15. Intermittent Wipers
Constant wiping was distracting, but turning them off left you blind in a drizzle. In the 1960s, Robert Kearns invented intermittent wipers after a champagne cork hit his eye. It was his Galileo moment—only instead of gravity, he conceived of a wiper that mimicked a blinking eye. It gave drivers a programmable rhythm that matched the rain.
16. Safety Glass
Shattered glass is terrifying, and early windshields turned into flying knives in a crash. Laminated safety glass, pioneered in the 1920s, changed that. It allowed cracks to form, but the shards stuck together. It not only saved lives but prevented unsightly scars.
17. Hybrid Engines
Toyota’s Prius looked odd when it debuted in the late 1990s, but it redefined what efficiency meant. With its combined electric and gas motor, suddenly miles per gallon doubled. It wasn’t just a feature; it was a quiet mechanical revolution.
18. Hands-Free Calling
Remember juggling a Nokia while shifting gears? Bluetooth meant you could talk on the phone without taking your hands off the wheel. It also reduced accidents, at least in theory. In practice, distracted conversation is distracted conversation—but still, progress.
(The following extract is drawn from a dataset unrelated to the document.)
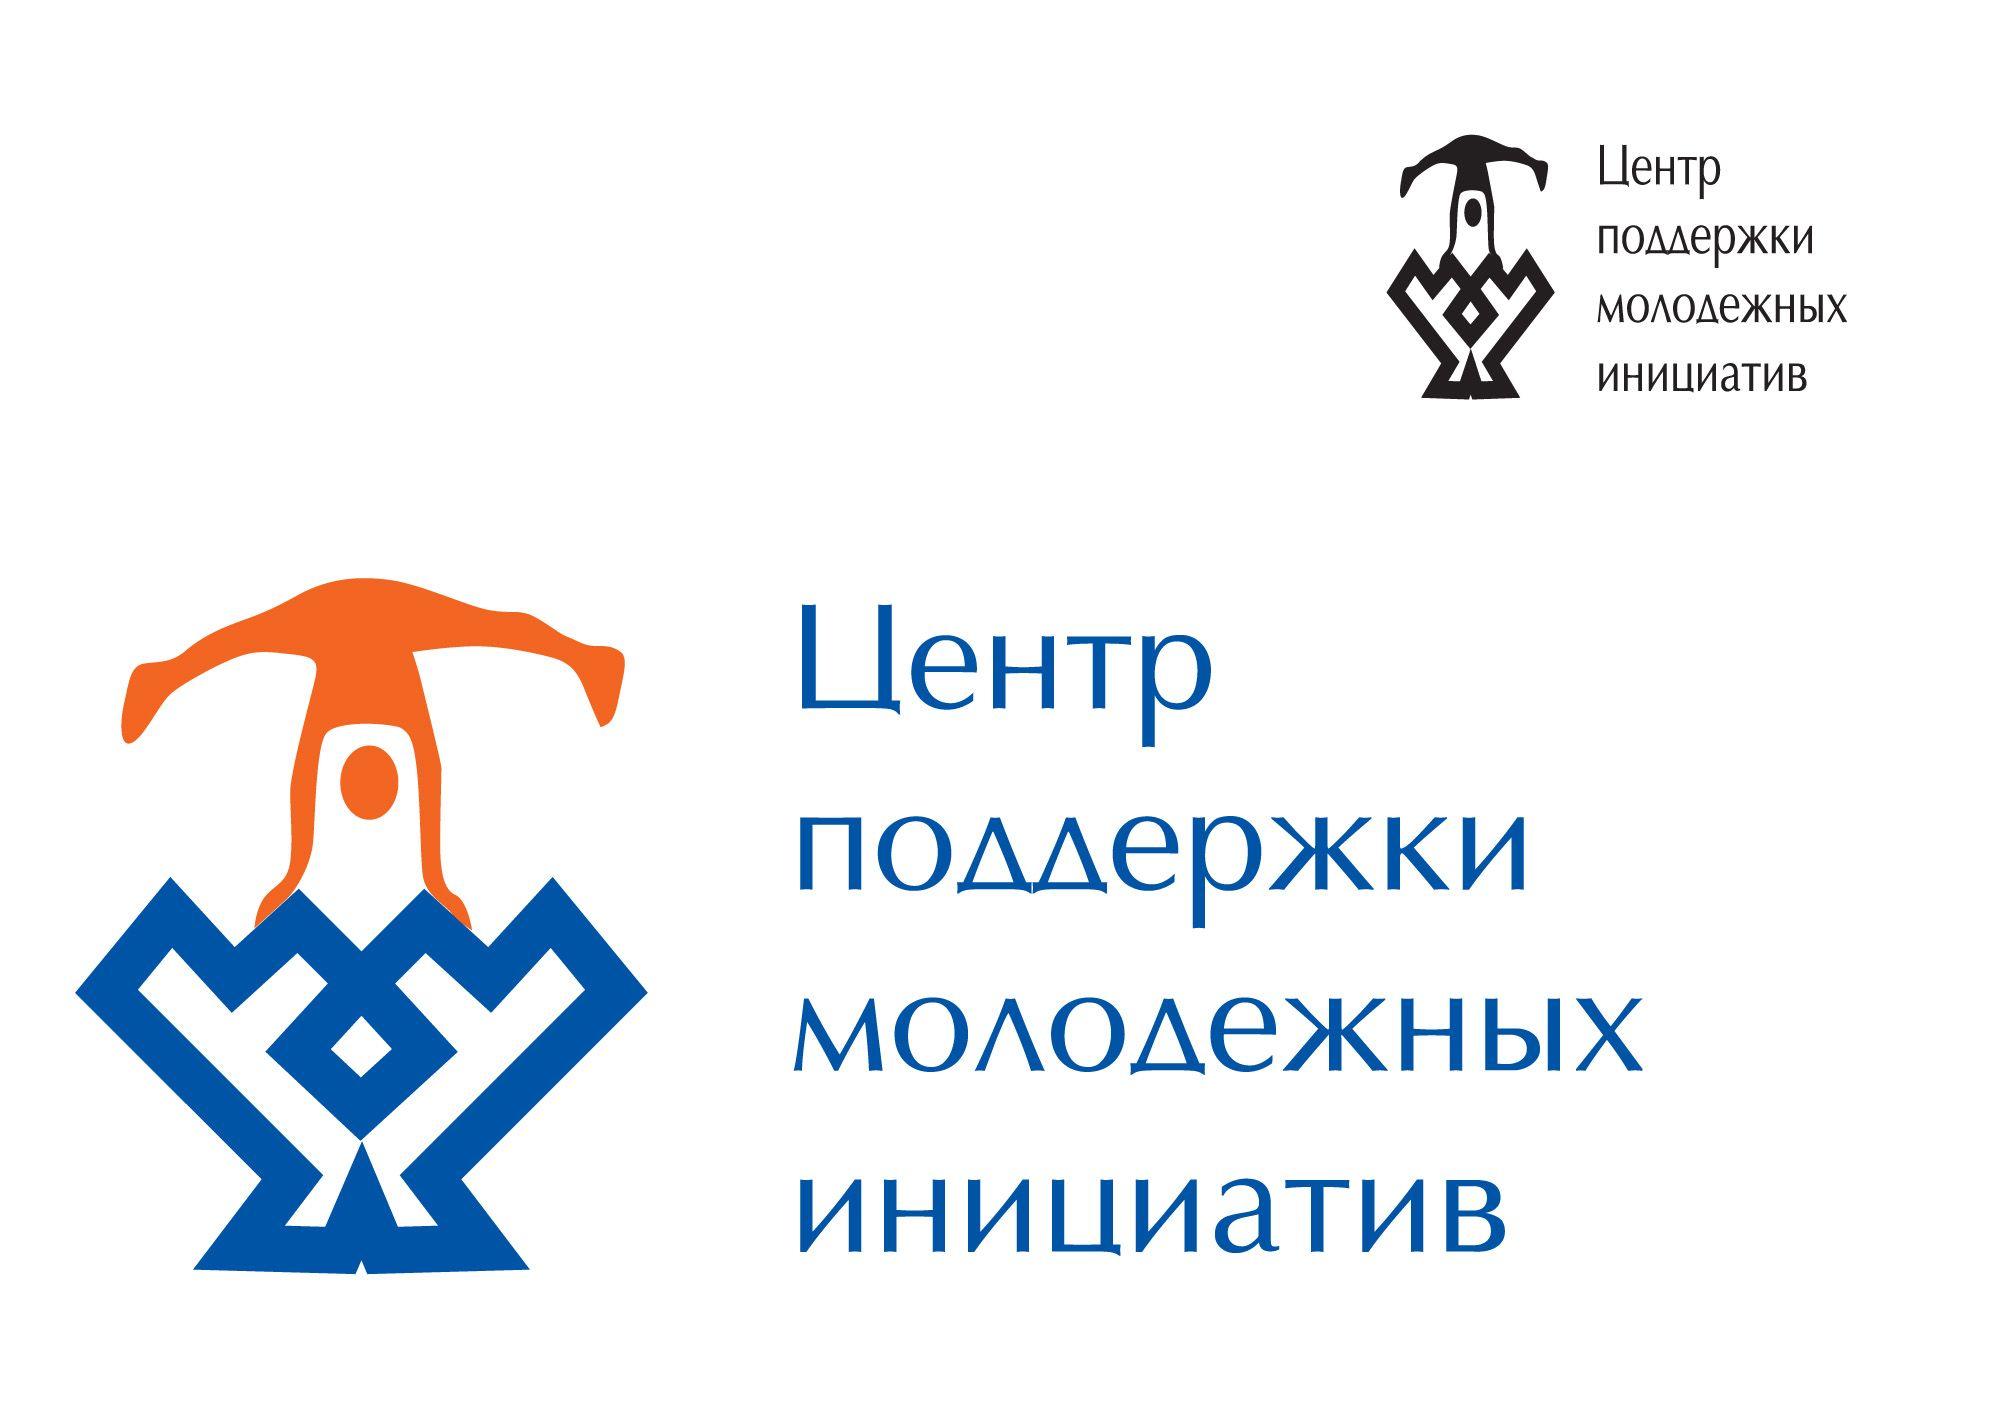 Логотип для Центра поддержки молодежных инициатив - дизайнер katavoronchihin

19. Lane Departure Warnings
Lane-keeping tech started as luxury, then filtered down to drivers everywhere. Suddenly, cars were watching our wandering, saving us from drifting too far with a buzz, a beep, or even a gentle tug of the wheel. For long highway drives, it became a co-pilot that never got distracted or tired.
20. Adaptive Headlights
Fixed beams were fine until you turned sharply onto a dark road. Adaptive headlights that swiveled with the steering lit up corners before you got there. This technology was first seen in luxury European cars but is gradually spreading wider.